Drivers have been paying about 10 cents more for a gallon of gas since Dec. 31.
It's the New Year's event few consumers want to see: higher bills at the gas pump.
But since the crystal ball fell at Times Square, the price of oil has hovered close to the $100-a-barrel level, despite some predictions it will fall in 2008. With oil up, the price of gasoline has risen 10 cents a gallon since Dec. 31, according to GasPriceWatch.com.
Among the reasons that energy analysts cite for crude oil's strong showing so far:
•US inventories are now at a three-year low. This is prompting some analysts to call for the Energy Department to stop putting oil into the nation's Strategic Petroleum Reserve (SPR) so the oil instead can be used in the marketplace.
•Trouble is brewing in the Nigerian oil patch. Hope that Nigeria's politicians could smooth over problems in sharing the oil wealth are fading amid reports of continued unrest and possible future attacks on the oil infrastructure, analysts say.

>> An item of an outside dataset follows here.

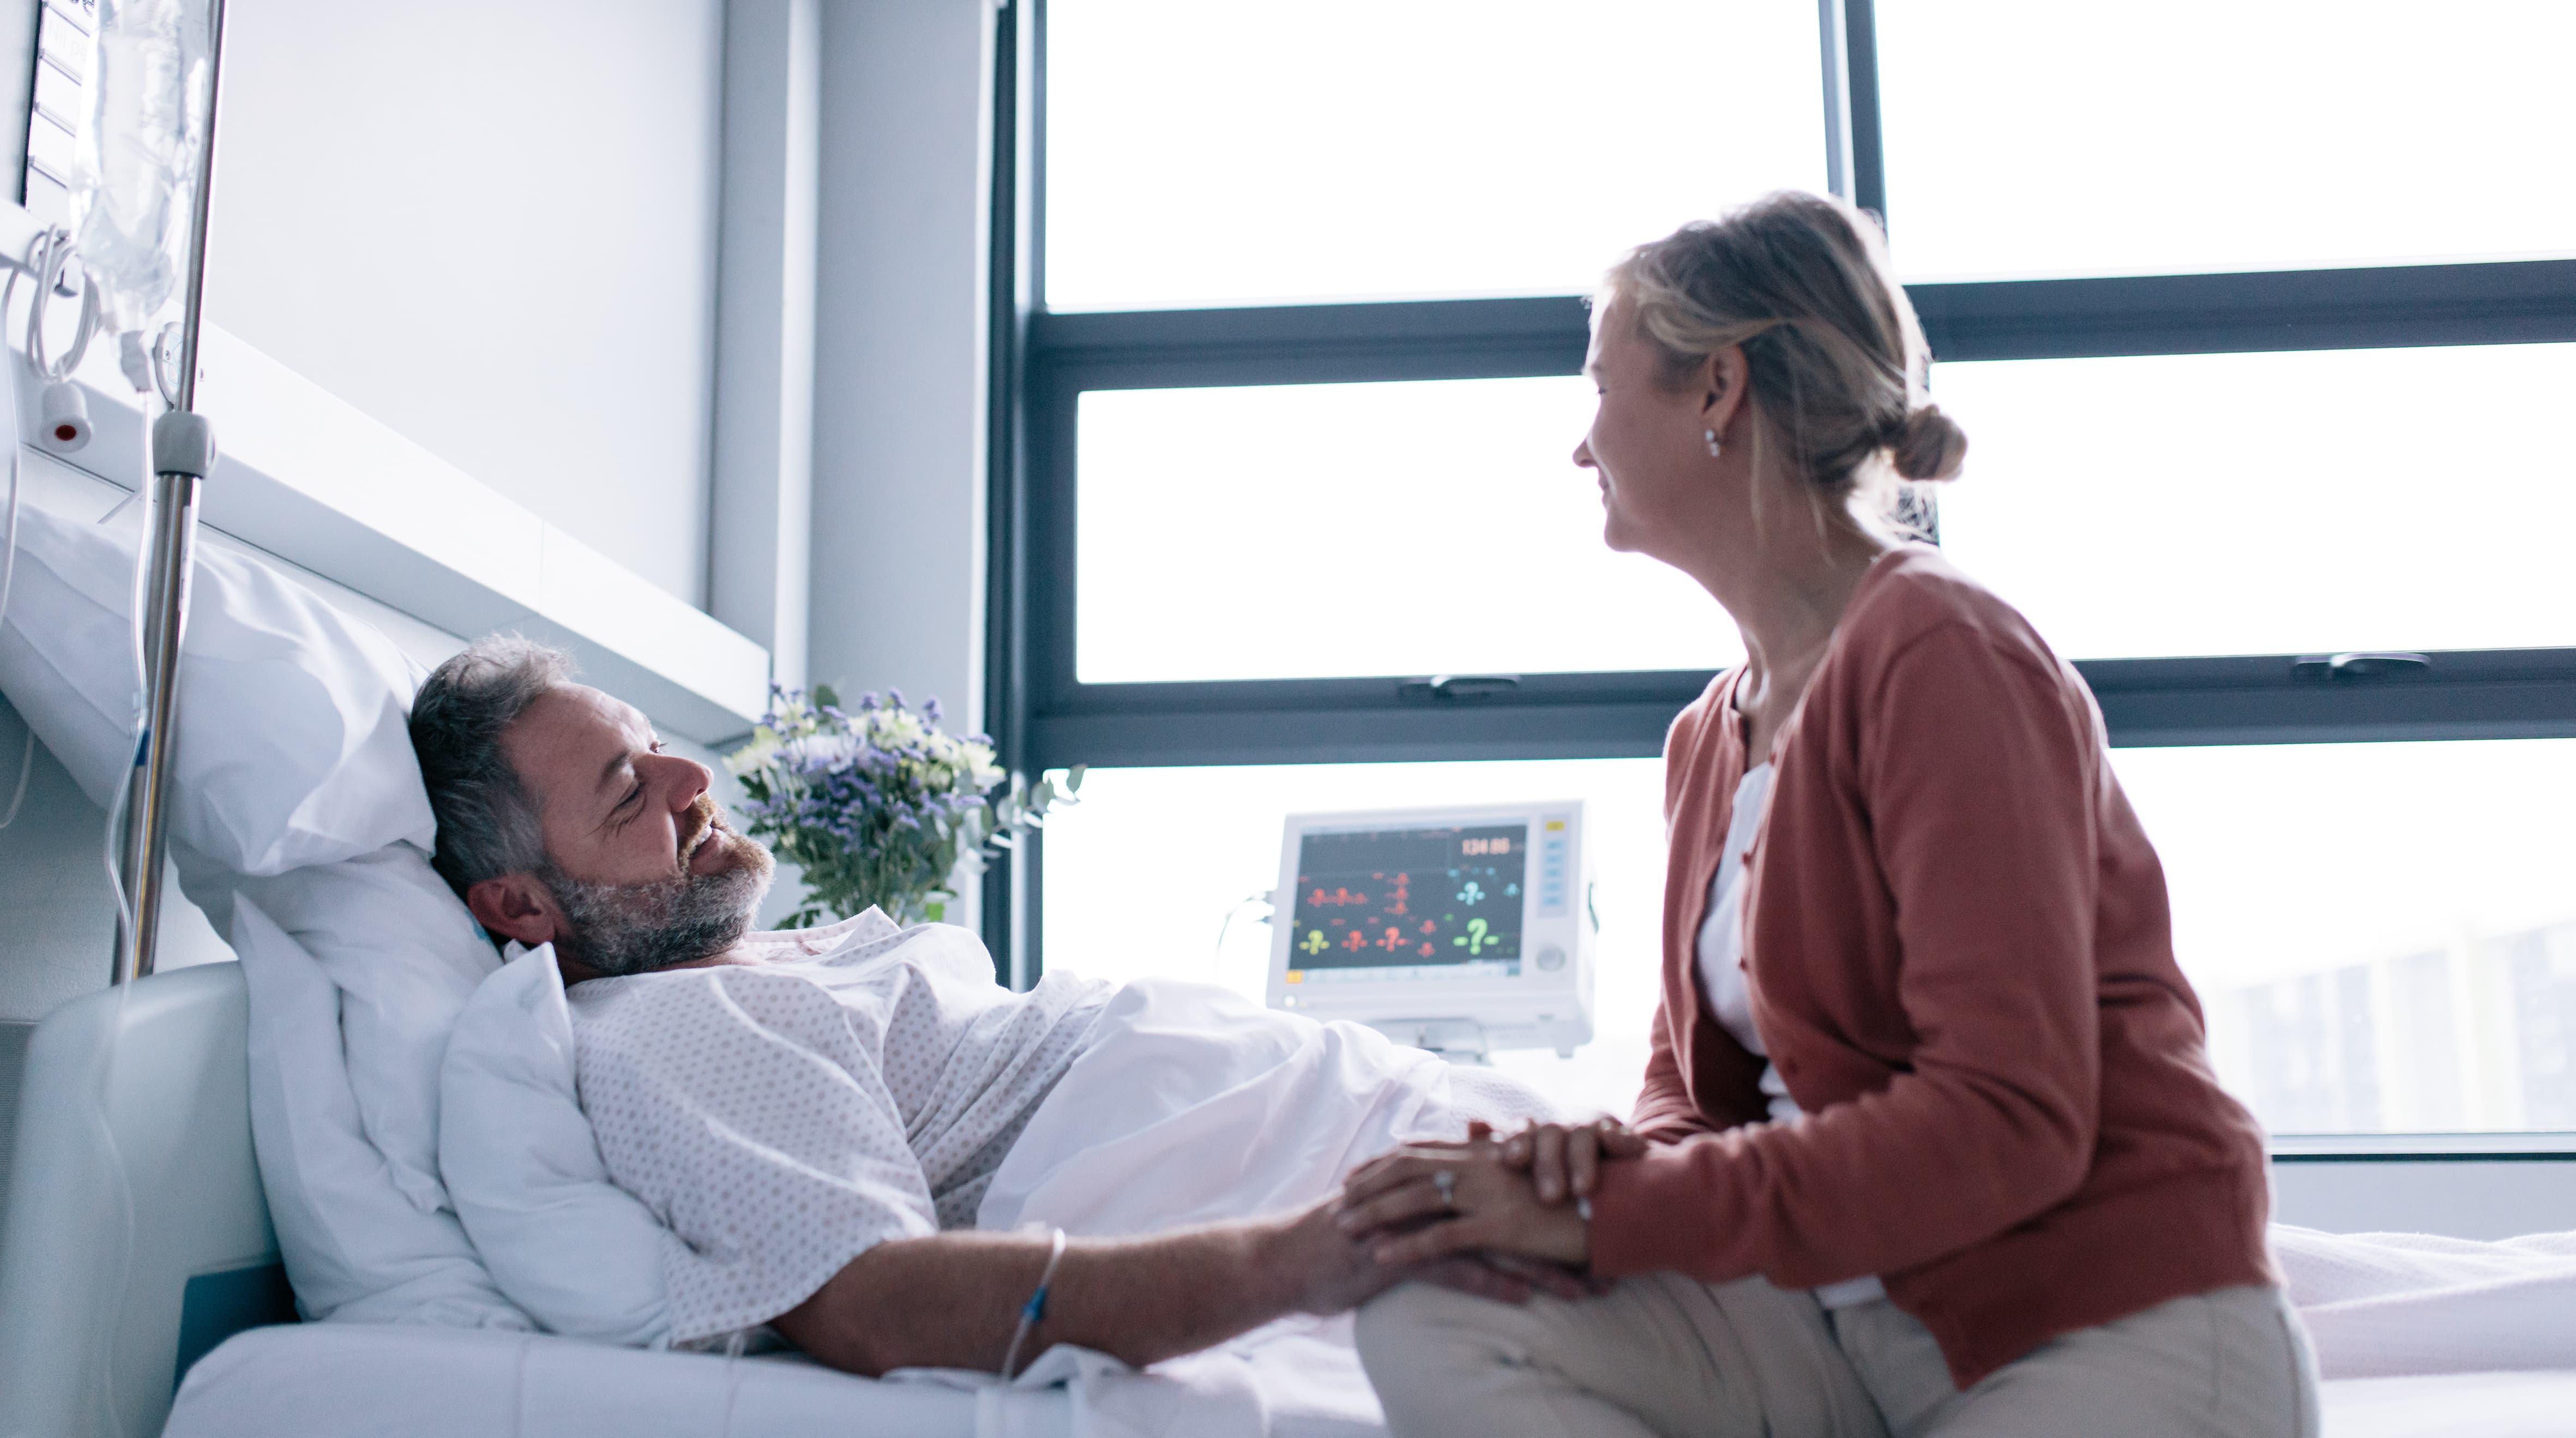 Frau besucht Mann am Krankenbett

•Nervous investors are continuing to pump money into commodities, such as gold, silver, and oil, which drives up their prices. A weak dollar also tends to drive up oil prices.
"We have a little bit of an oil bubble right now," says Phil Flynn, vice president of energy research at Alaron Futures and Options in Chicago. "It could go back to $100 a barrel because it's so close right now, but I think the price is acting very top-heavy."
Some energy traders would not be surprised to see the price of oil remain relatively strong in the first quarter. "We'll see spates of rallies, but the first quarter will be the high point for energy," says John Kilduff, a New York-based trader at MF Global, a large futures broker.